The Temple Mount is under Israeli sovereignty but, under a deal following Israel’s 1967 takeover of the site, is run by the Islamic Waqf, a Jordanian body. Muslims generally have full access to the site and the exclusive right to pray there. Jews can ascend the mount only during limited visiting hours and are forbidden from doing anything resembling worship, such as kneeling, singing, dancing or rending their clothes.

“The discrimination on the Temple Mount is obvious,” Glick said. “The Temple Mount became a center of incitement and hate instead of a center of peace.”

Glick’s critics and supporters alike praise him as a gentle and benign man who seems sincerely interested in enabling members of all religions to coexist on the mount. A 2014 video shows him happily reciting a prayer in Arabic with Muslim worshippers. The men then repeat a verse in Hebrew from Psalms 24.

Analysts say Glick’s activism, however well-intentioned, could empower extremists and heighten an already explosive mood on the Mount. Palestinian leaders have accused Israel’s government of planning to change the site’s fragile status quo, which Israeli leaders fervently deny. The recent wave of Palestinian stabbing attacks in Israel began after riots and clashes on the mount.

“He’s part of a movement that deals in pyromania,” said Daniel Seidmann, an attorney and expert in Jerusalem’s geopolitics. “There are few threats that create a clear and present danger to the most vital interests of Israel more than a radical change on the Temple Mount.”

But David Haivri, a spokesman for Israeli settlements in the northern West Bank and a friend of Glick’s, called him “very lovable.” Haivri said that while Glick focuses on a combative issue, he comes at it in a warm and accessible way.

“A lot of people consider him an extremist because he’s so concerned with the right of Jewish prayer on the Temple Mount,” Haivri said. “They’ll discover that he’s bringing that to the table with a different type of platform. Extremism is absent in Yehuda Glick’s platform.”

Some of Glick’s fellow travelers are more provocative. When then-Housing Minister Uri Ariel, a member of the pro-settler Jewish Home Party, visited the Mount ahead of Rosh Hashanah in 2014, he called for Jews in the future to “ascend the Mount and be seen for festivals, to bring sacrifices.”

Glick has also run into his share of trouble at the Mount. He has repeatedly been barred from the site and was charged with assaulting a female Muslim activist in 2014. The charges were dropped in February.

Michael Melchior, a former government minister who was active with Glick’s father, Shimon, in the liberal-religious Meimad Party, also questioned whether Glick should be celebrated as a voice of tolerance.

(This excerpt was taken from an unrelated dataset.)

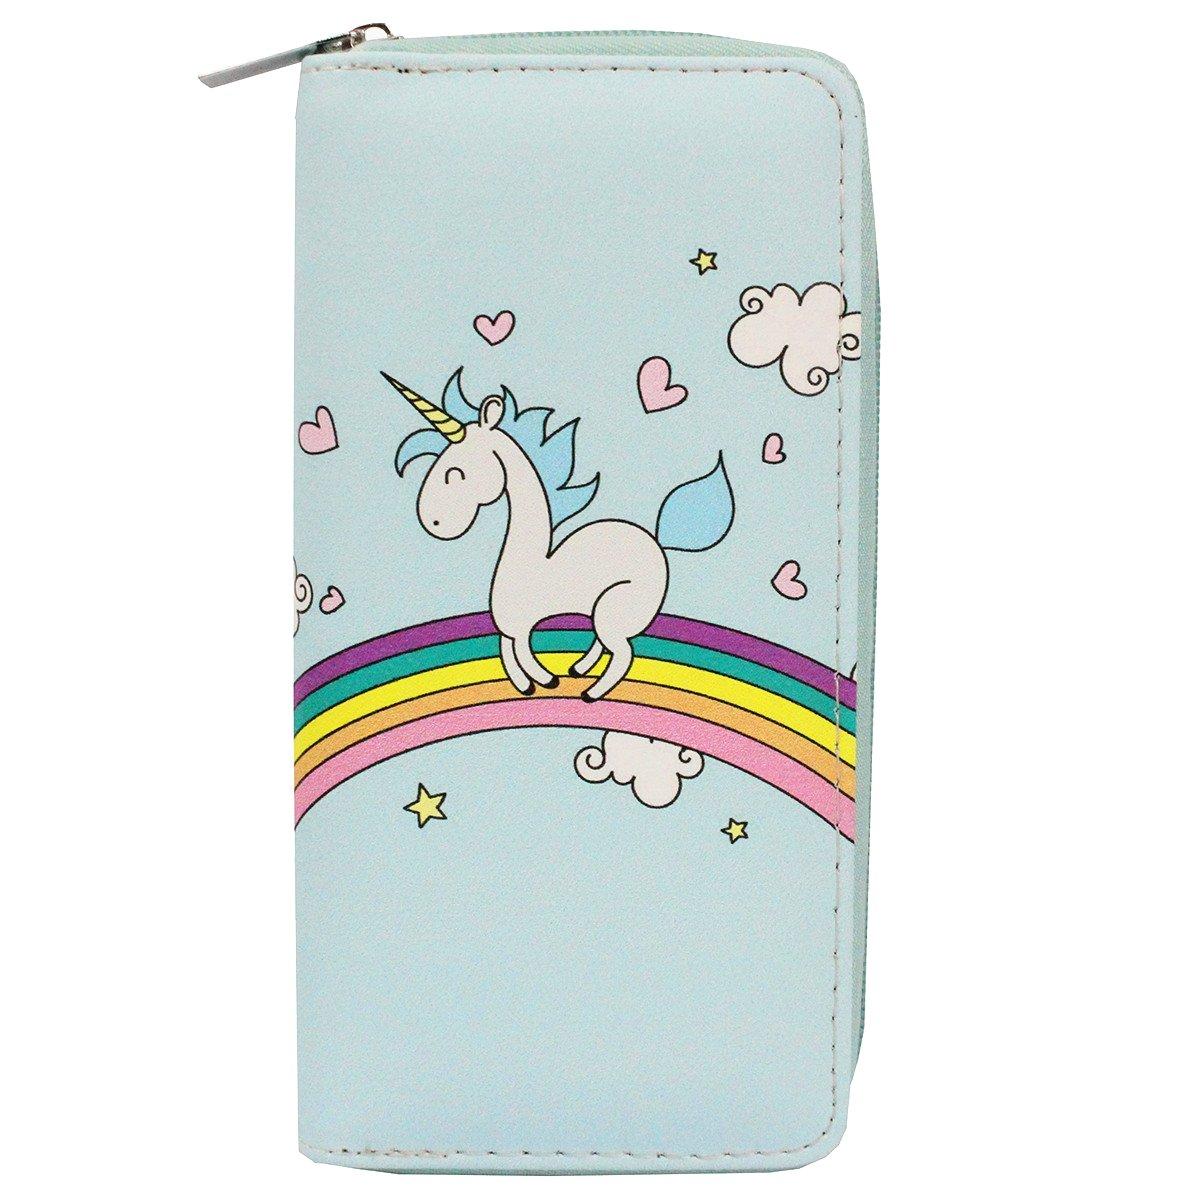 Timlee Cute Rainbow Unicorn Long Wallets Long Purse (Unicorn Blue)

While Melchior admires Glick’s use of universalist language in his Temple Mount work, he said Glick is inconsistent for not advocating for Palestinian rights.

“The human rights motive is used to say, ‘Well, why shouldn’t Jews have the right to pray everywhere?’ ” Melchior said. “But the human rights motive is a universal motive. If you believe in human rights, will you apply that to everything else that has to do with human rights?”

Glick was born in Brooklyn, N.Y., moved to Israel at 9 and now lives in the West Bank settlement of Otniel. He attributes his use of the language of civil rights and equality to his American upbringing. Before his Temple Mount activism, he worked for nearly a decade in the Ministry of Immigrant Absorption, quitting in protest of Israel’s 2005 withdrawal from Gaza.

He became a symbol of the Jewish Temple Mount movement after a Palestinian gunman shot him three times at point-blank range outside a Jerusalem convention center in October 2014. He was discharged from the hospital that November and a month later competed in Likud’s primaries. He won the 33rd spot on the slate — reserved for an Israeli settler.

“I felt that in a democratic country, we cannot allow a situation in which someone who is active democratically, someone who is active to promote a legitimate issue, is attacked physically because of the fact that he tried to work legally,” Glick said.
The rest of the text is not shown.